The three films together were nominated for a total of 30 Academy Awards, of which they won 17, both records for any movie trilogy. The Fellowship of the Ring earned 13 nominations, the most of any film at the 74th Academy Awards, winning four; The Two Towers won two awards from six nominations at the 75th Academy Awards; The Return of the King won in every category in which it was nominated at the 76th Academy Awards, setting the reigning Oscar record for the highest clean sweep, and its 11 Academy Awards wins ties the record held by Ben-Hur (1959) and Titanic (1997). The Return of the King also became only the second sequel to win the Oscar for Best Picture after The Godfather Part II (1974).

Additionally, members of the production crew won the Academy Award for Technical Achievement for the rendering of skin textures on creatures on The Return of the King, and Stephen Regelous won the Academy Award for Scientific and Engineering Award for the design and development of MASSIVE, "the autonomous agent animation system used for the battle sequences in The Lord of the Rings trilogy."

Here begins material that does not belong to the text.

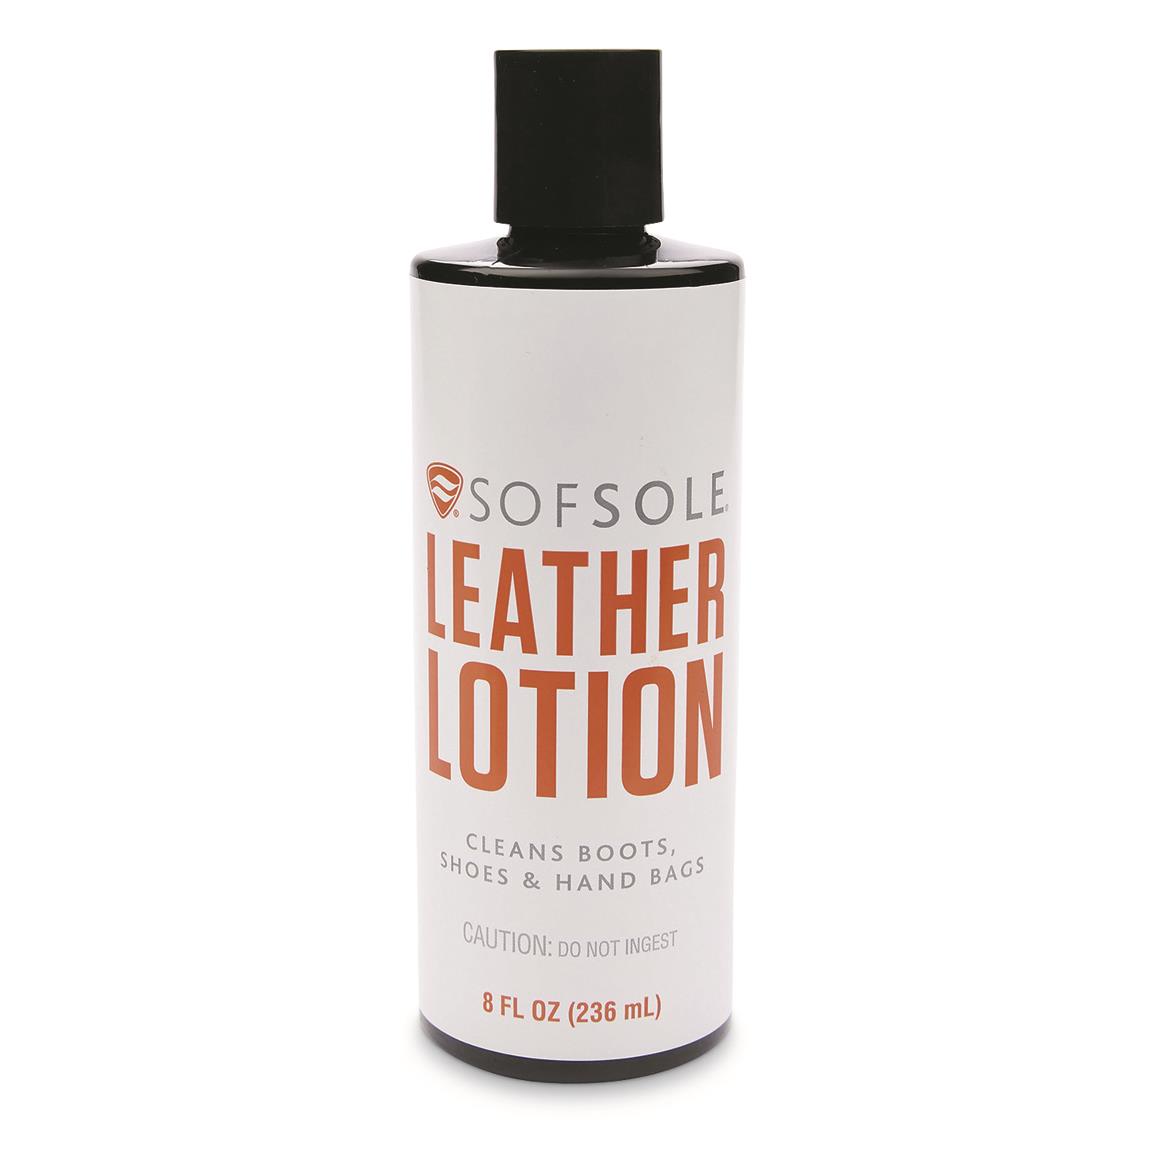 Sof Sole Leather Lotion

The Lord of the Rings film series at the Academy Awards
Category
| 74th Academy Awards | 75th Academy Awards | 76th Academy Awards |
| The Fellowship of the Ring | The Two Towers | The Return of the King |
| Picture | Nominated | Nominated | Won |
| Director | Nominated |  | Won |
| Adapted Screenplay | Nominated |  | Won |
| Supporting Actor | Nominated |  |  |
| Art Direction | Nominated | Nominated | Won |
| Cinematography | Won |  |  |
| Costume Design | Nominated |  | Won |
| Film Editing | Nominated | Nominated | Won |
| Makeup | Won |  | Won |
| Original Score | Won |  | Won |
| Original Song | Nominated |  | Won |
| Sound Editing |  | Won |  |
| Sound Mixing | Nominated | Nominated | Won |
| Visual Effects | Won | Won | Won |

Each film in the series won the Hugo Award for Best Dramatic Presentation, the MTV Movie Award for Movie of the Year, and the Saturn Award for Best Fantasy Film. The first and third films also won the BAFTA Award for Best Film. The New York Film Critics Circle awarded The Return of the King its Best Picture Award at the 2003 Awards Ceremony, hosted by Andrew Johnston, chair of the organisation at that time, who called it "a masterful piece of filmmaking."

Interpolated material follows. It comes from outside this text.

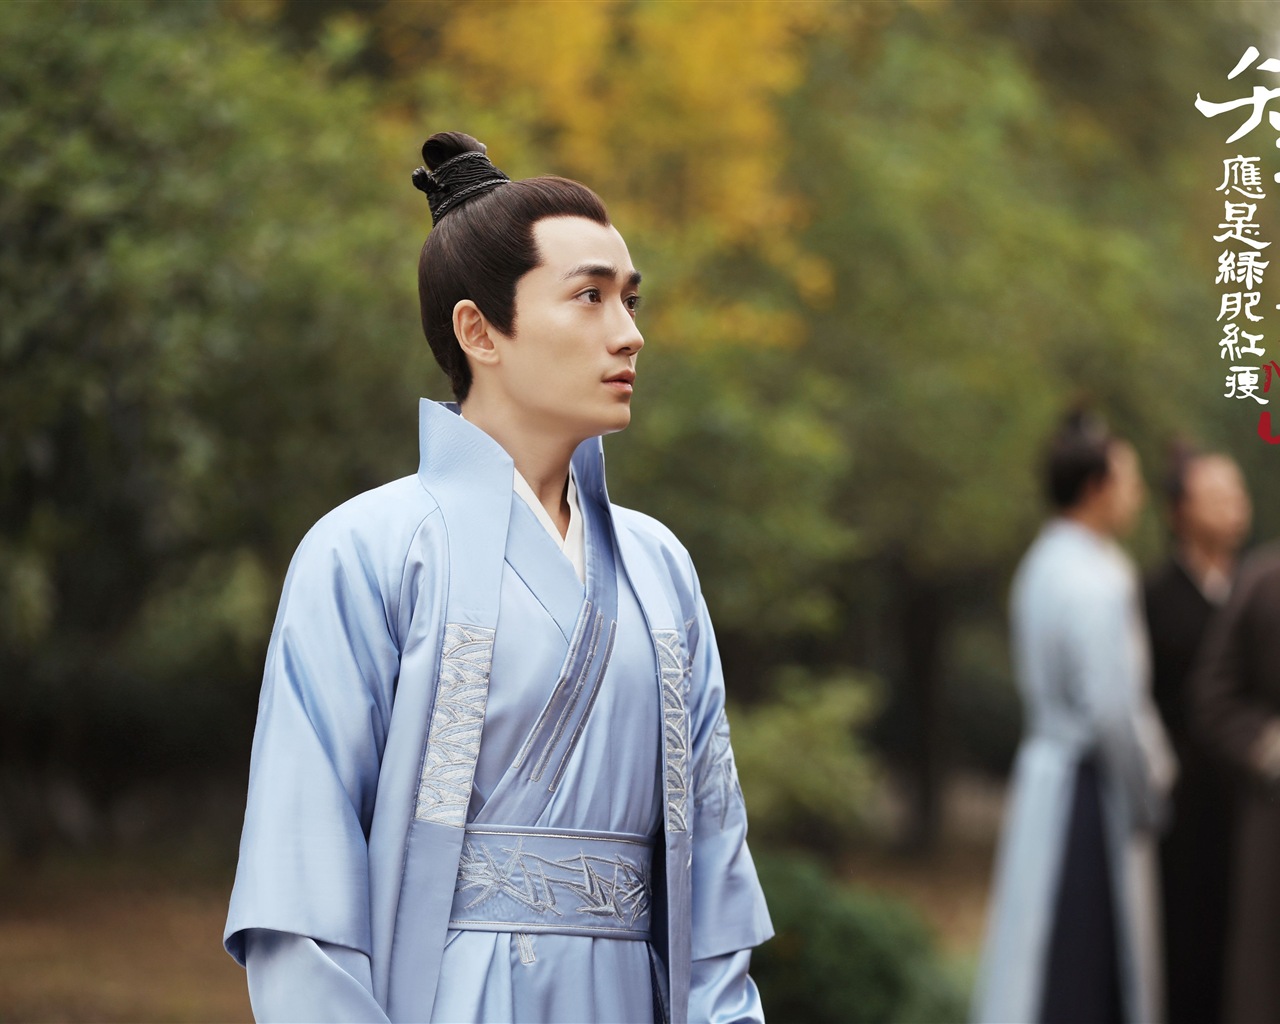 The Story Of MingLan, TV series HD wallpapers #55 - 1280x1024

=== Comparisons with the written work ===

Commentators have compared Jackson's film trilogy with Tolkien's written work, remarking that while both have been extremely successful commercially, they differ in many respects. Critics have admired Jackson's ability to film the long and complex work at all; the beauty of the cinematography, sets, and costumes; and the epic scale of his version of Tolkien's story. They have however found the characters and the story greatly weakened by Jackson's emphasis on action and violence at the expense of psychological depth; the loss of Tolkien's emphasis on free will and individual responsibility; and the replacement of Frodo's inner journey by an American monomyth with Aragorn as the hero.

As for whether the film trilogy is faithful to the novel, opinions range from Verlyn Flieger's feeling that a film adaptation is not even worth attempting, Wayne G. Hammond's opinion that the film sacrifices the book's richness of characterization and narrative for violence, thrills, and cheap humour, or Christopher Tolkien's view that Jackson's interpretation is unacceptable, to granting, with Jackson and Boyens, that the film version is inevitably different. From that standpoint, scholars such as Brian Rosebury and Tom Shippey have described the films as a partial success, giving some of the feeling and capturing some of the key themes of the novel. Yvette Kisor considers that Jackson was unfaithful to many of Tolkien's details, but succeeded in achieving something of the same impact and feelings of providence, eucatastrophe, and interconnectedness. Dimitra Fimi suggests that Jackson was continuing Tolkien's tradition of adapting folklore, incorporating both the fans' views on that folklore, and cinematic traditions such as the zombie in the film trilogy to produce its own modern folklore.

== Home media ==

The first two films were released on two-disc standard edition DVDs containing previews of the following film. The success of the theatrical cuts brought about four-disc extended editions, with new editing, added special effects and music. Jackson came up with the idea of an extended cut for LaserDisc and DVD formats while in preproduction. He could insert some of the violence that he thought he would have to trim to get a PG-13 rating for the theatre and he could tailor the pacing to the demands of the small screen, which he said were "completely different". Jackson has stated that he considers the theatrical cuts to be the "definitive versions" of the films due to their deliberate pacing, but also that he believes the extended cuts will be "ultimately seen as the more definitive versions of the films".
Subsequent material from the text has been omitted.